I'm not sure what Apaches called those springs. Cooke's Peak was "Standing Mountain," or "White Ringed Mountain," but was Pachecho de los Mimbres to Spanish explorer Juan Batista de Anza, who led an expedition into Apacheria in the late 1700s. One of his officers, Capitan Don Joseph Antonio Vildosola, called it San Miguel in the late 1700s. Cooke's Springs had no English name until Captain Phillip St. George Cooke, leader of the 1846-47 Mormon Battalion, led his men through the area and either named it for himself, or someone else did. Regardless of the various names, all travelers, Apache or otherwise, knew that there was always water and it was reliable.

 

Much of what we know about Apacheria comes from what Apaches in the 19th century told men such as John Cremony, James Bartlett, William Emory, anthropologist Morris Opler and John Bourke, General George Crook's longtime aide-de-camp, who later became an amateur anthropologist of sorts. These and others, such as Keith Basso and Granville Goodwin, interviewed many Apaches who'd lived in the mid- to late 19th century and were central characters of the Chiricahua Wars.

As readers know, I'm fascinated by how the Apaches moved over the skin of this vast territory before the white man. Information collected by those mentioned above was gained because Apaches spoke about the people, places and things that had been important in those last 100 years of freedom they'd lived in spite of the efforts of Spaniards, Mexicans or Americans to corral them. Some details were undoubtedly teased out by nefarious Anglos or Spanish speakers; some interviewers were men such as the reprehensible James Kirker, who first befriended the Apaches, then turned on them when the "price was right for their scalps."

Others, like Merijildo Grijalva, had been captured and raised by the Apache as one of them. Abducted around age 10, Grijalva quietly stoked his hatred for his captors. A captive for nearly a decade, the young Sonoran was given a chance by Cochise to interact with American soldiers when the Apaches needed an emissary. Grijalva traveled with Cochise and his band for 10 years, so he was careful when he abandoned Cochise and did so when the old man wasn't looking. Grijalva had never forgotten how the Apaches had killed his family, so he never looked back when he left. As an Army scout, Grijalva led American soldiers to Cochise's favorite rancherias. In the end, Grijalva's knowledge of Cochise's movements was crucial to ending the old man's reign of terror.

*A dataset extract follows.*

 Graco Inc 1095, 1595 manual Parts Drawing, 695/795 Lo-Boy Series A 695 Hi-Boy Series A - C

Merijildo Grijalva was among the 61 men whom Captain Reuben Bernard led out of Fort Bowie on Oct. 16, 1869, with 15 days' provisions. The record of that march noted: "Marched south on the east side of the Chiricahua Mountains…. On the 8th my marching was entirely at night. During the night of the 19th the moon was entirely obscured by clouds, making the night very dark, causing me to quit the trail and wait for daylight… next morning.

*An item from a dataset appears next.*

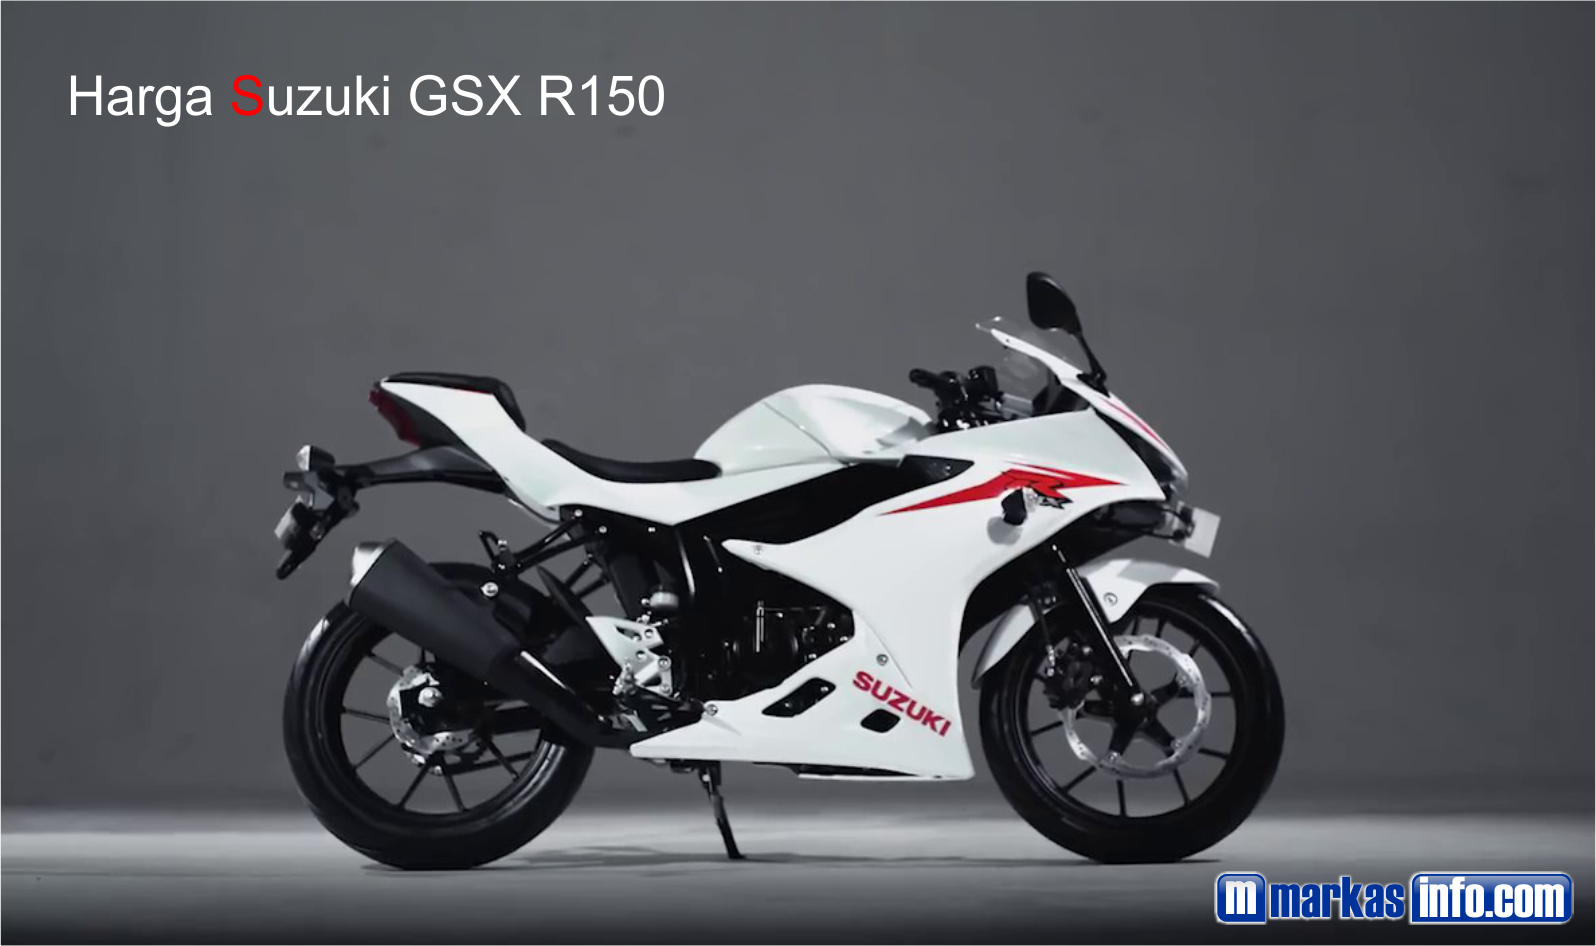 Harga suzuki GSX R150 Terbaru 2021 | Markas Info

"I started early on the trail and with great difficulty followed it to the top of one of the highest mountains in the vicinity where I found an Indian encampment that had been evacuated but a few days…. After a few hours... I found their trail leading west through the mountains…. Following it about ten (10) miles, I came upon a fresh track. Here I took to the gallop knowing the Indians had seen us." Captain Bernard took off in one direction while Grijalva and his patrol took off the other way. Others simply waited; they'd lost the trail.

apacheria
Several of “Bartlett’s Giants,” drawn by Boundary Commissioner George Bartlett in 1850, following the end of the Mexican War.

Shortly after, the trails were found leading them again to the Indians. Bernard "ordered the guide to take five (5) dismounted, and go to the top of a rocky mesa and see what he could discover…. I looked back to see how the men were getting up the hill and saw several Indians running for the crest." It was at that point in the chase that Bernard ordered all but six men to guard the horses for the entire column. "Before the men had reached half way up the hill, the Indians had opened fire on the guide and five (5) men, compelling them to take shelter behind rocks. At this, firing commenced from all parts of the rocks above us…. Two (2) men were killed (by arrows and rifle fire) and one (1) wounded." Behind rocks, Bernard's men "made themselves secure."